Pluto Bio • What is RSEM?

Overview

In order to transform RNA sequencing data into meaningful insights, sequencing reads are mapped to transcripts and/or genes. One obstacle in this process of gene/transcript quantification is how to handle reads that map to multiple genes or isoforms (i.e. reads that do not map uniquely). The problem is further complicated by the variability experimental design across RNA-seq experiments (e.g. sequencing depth, read length, library type).

RNA-seq by Expectation-Maximization (RSEM) is a now well-established algorithm that was developed to address this challenge: estimating gene and isoform expression levels from RNA-seq data¹.

About the RSEM algorithm

Initially published in its current form in 2011, RSEM is a software package for quantifying gene and isoform abundances from single-end or paired-end RNA-seq data. RSEM outputs abundance estimates and 95% credibility intervals, and can be used with or without a reference genome¹.
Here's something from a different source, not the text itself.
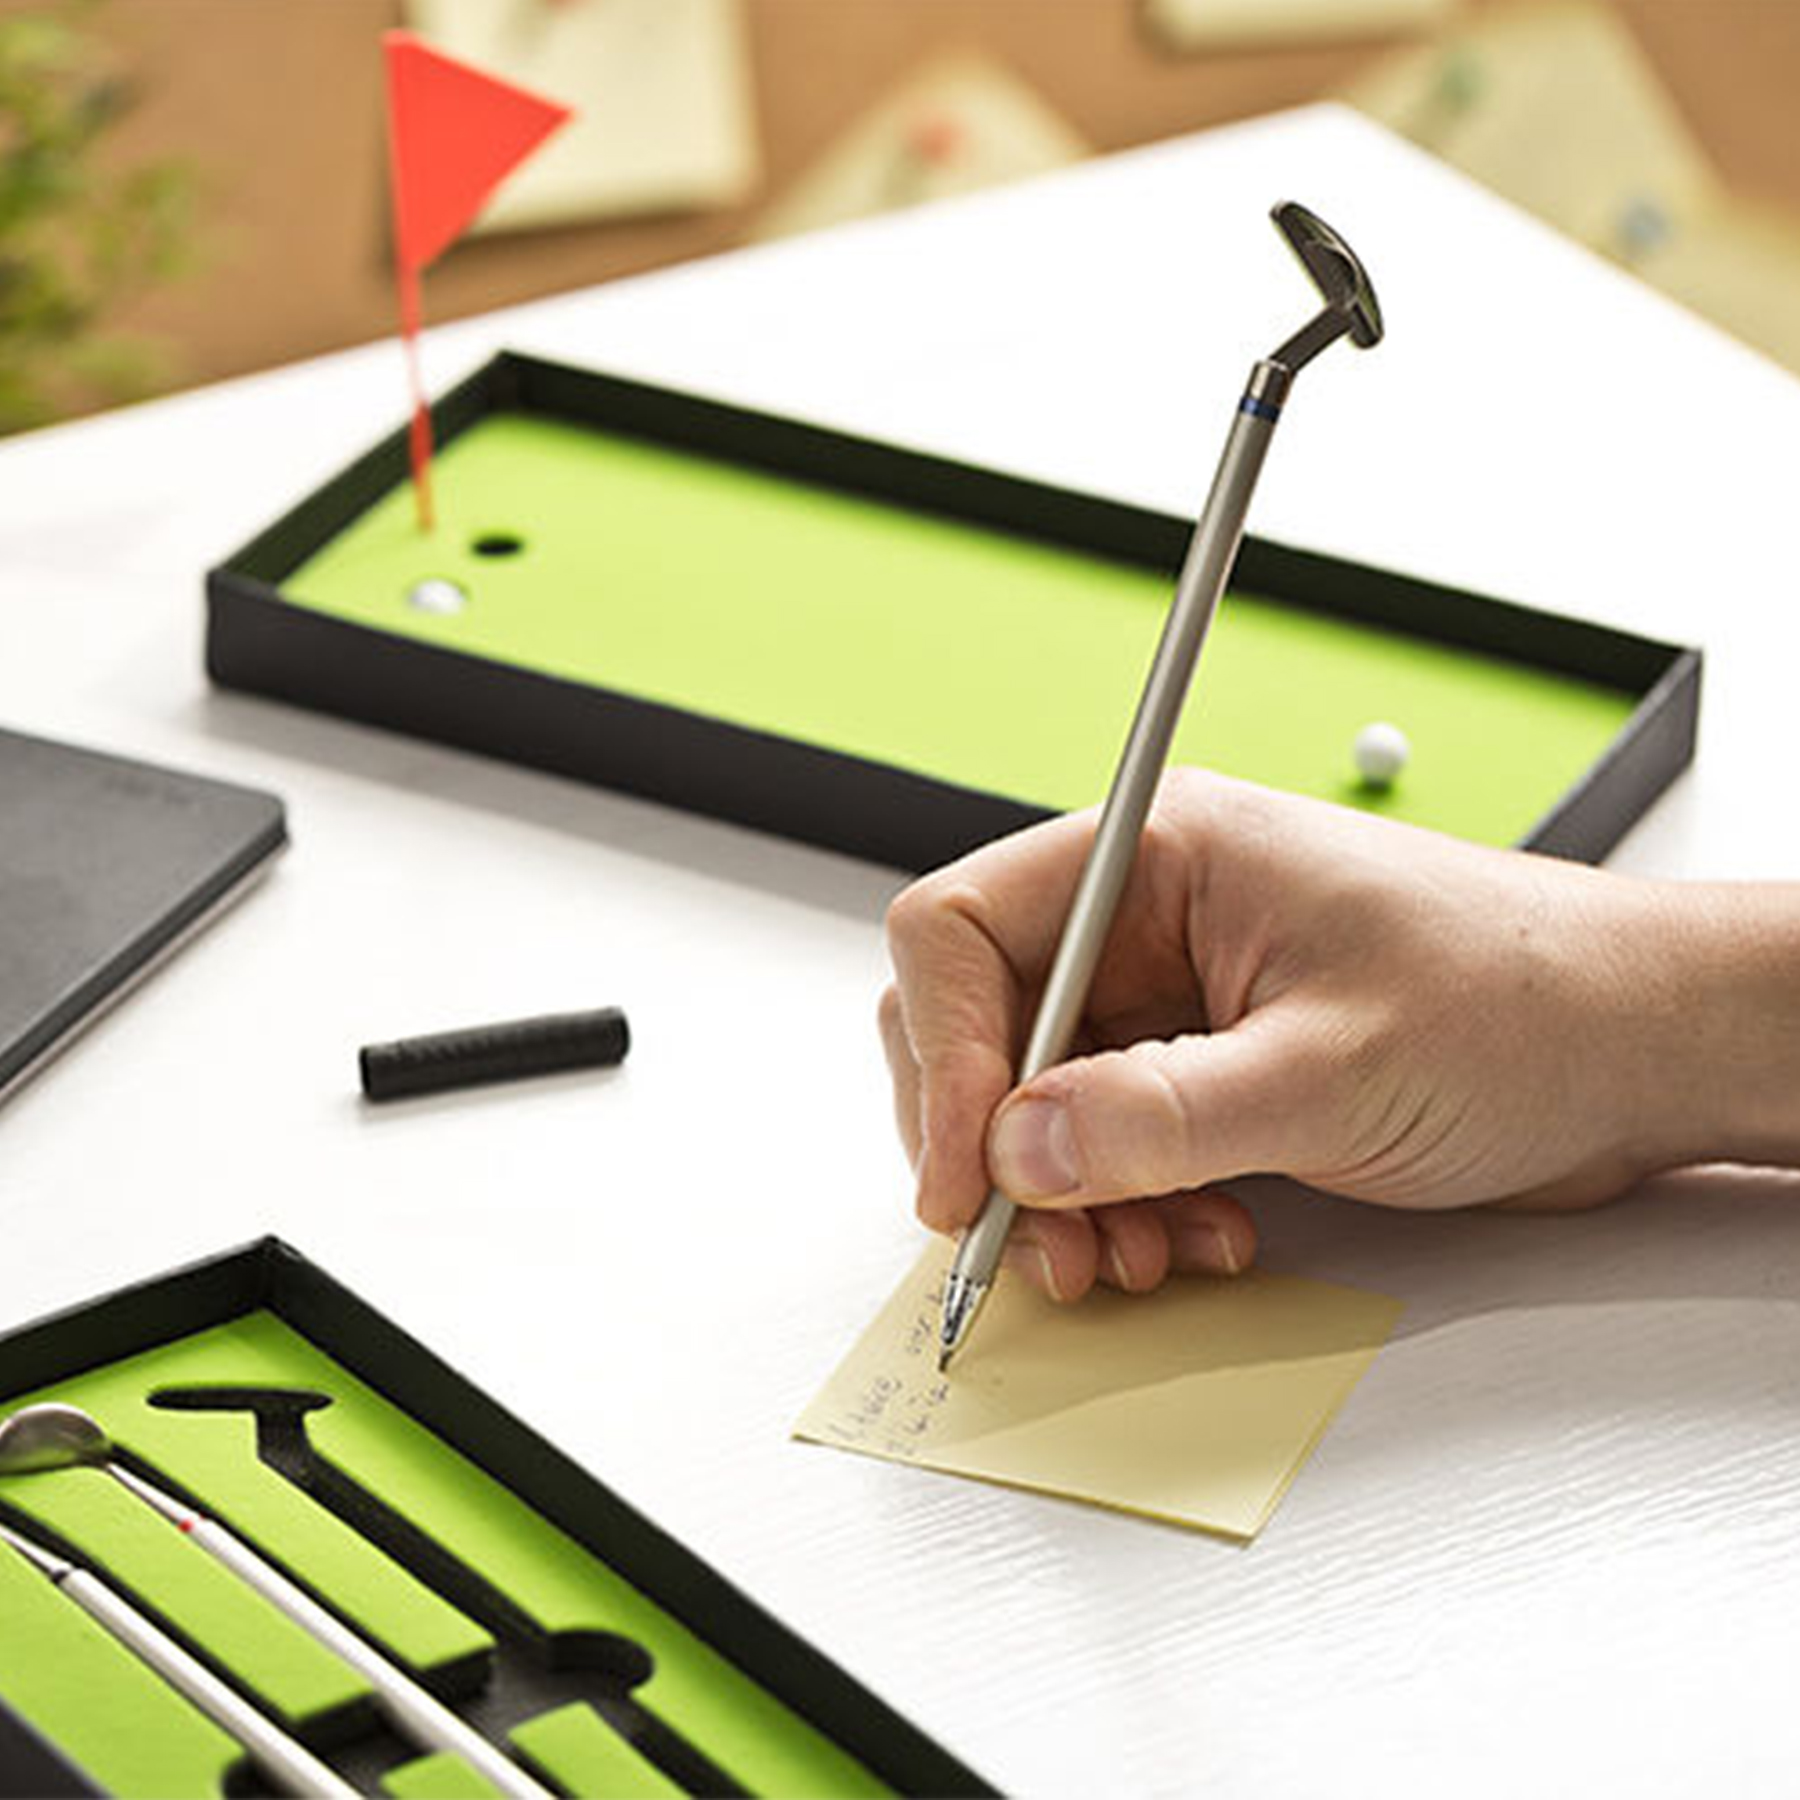 3 Kugelschreiber als Minigolf Bürospiel, Indoor Golf Tischspiel - witziges Schreibset in Golfschläger Optik, inklusive Mini Golftisch und Golfbäll
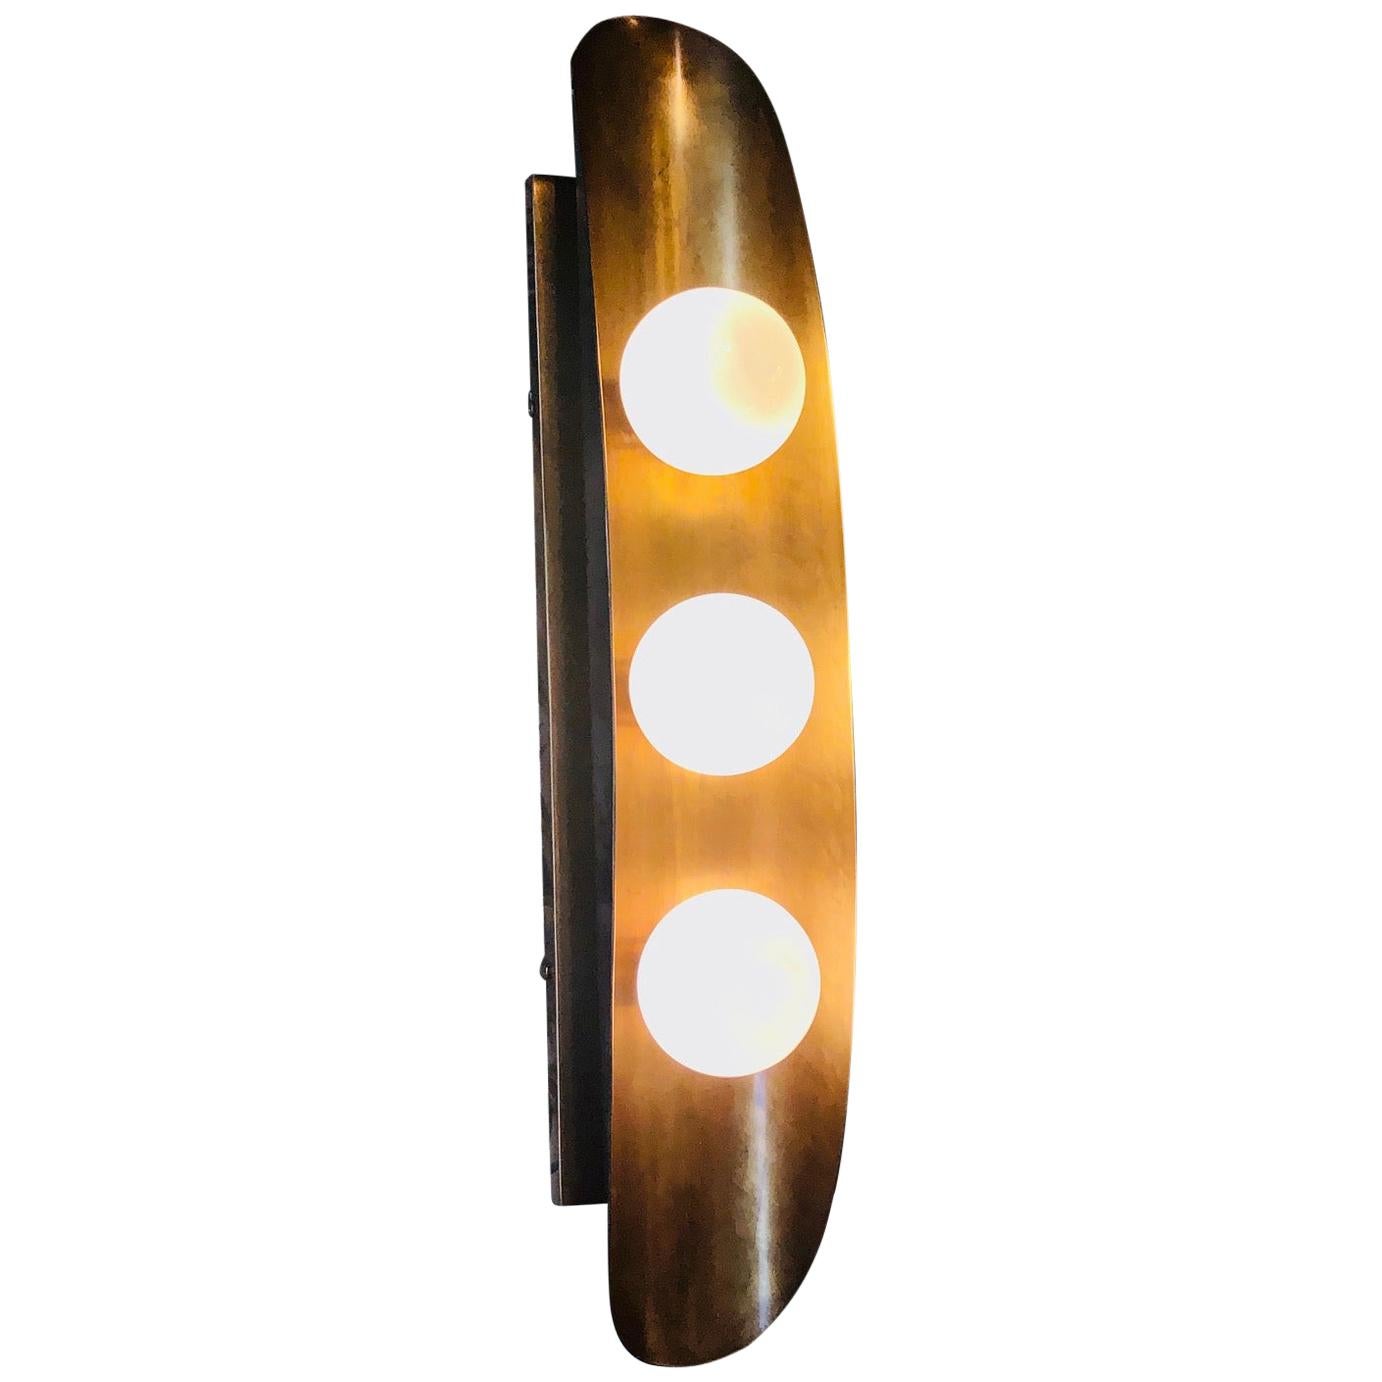 Hopper 3-Bulb Sconce Light Fixture by Martyn Lawrence Bullard

The RSEM algorithm consists of two general steps:

rsem-prepare-reference - generates a set of reference transcript sequences for use by the second RSEM step

rsem-calculate-expression - aligns RNA-seq reads to the reference transcripts and uses the alignments to estimate abundances and their credibility intervals

RSEM outputs both transcript-level and a gene-level count estimates.

Using RSEM to perform gene & transcript abundance quantification on RNA-seq data

After you've prepared your RNA-seq samples and sent them off for sequencing, you'll receive FASTQ files. These large, raw sequencing files need to be processed through a multi-step process in order to ultimately generate raw counts, which will be used for downstream analysis.

RSEM is one of these steps. The package can be run by itself, but is commonly one of several tools that are combined to make an RNA-seq pipeline. A typical pipeline for RNA-seq data includes the following steps:

Quality control (QC) - FASTQC and MultiQC
Adapter trimming - TrimGalore!
Alignment - STAR
Quantification - RSEM
Quality filter, sort and index alignments - samtools
Mark (and optionally remove) duplicate reads - picard
Optionally create bigWig files - bedGraphToBigWig
Additional QC - RSeQC, Preseq

Running the above tools yourself will require compute infrastructure and advanced coding. Expect the RNA-seq pipeline to run in about 1-5 hours per sample depending on your compute resources and parallelization approach.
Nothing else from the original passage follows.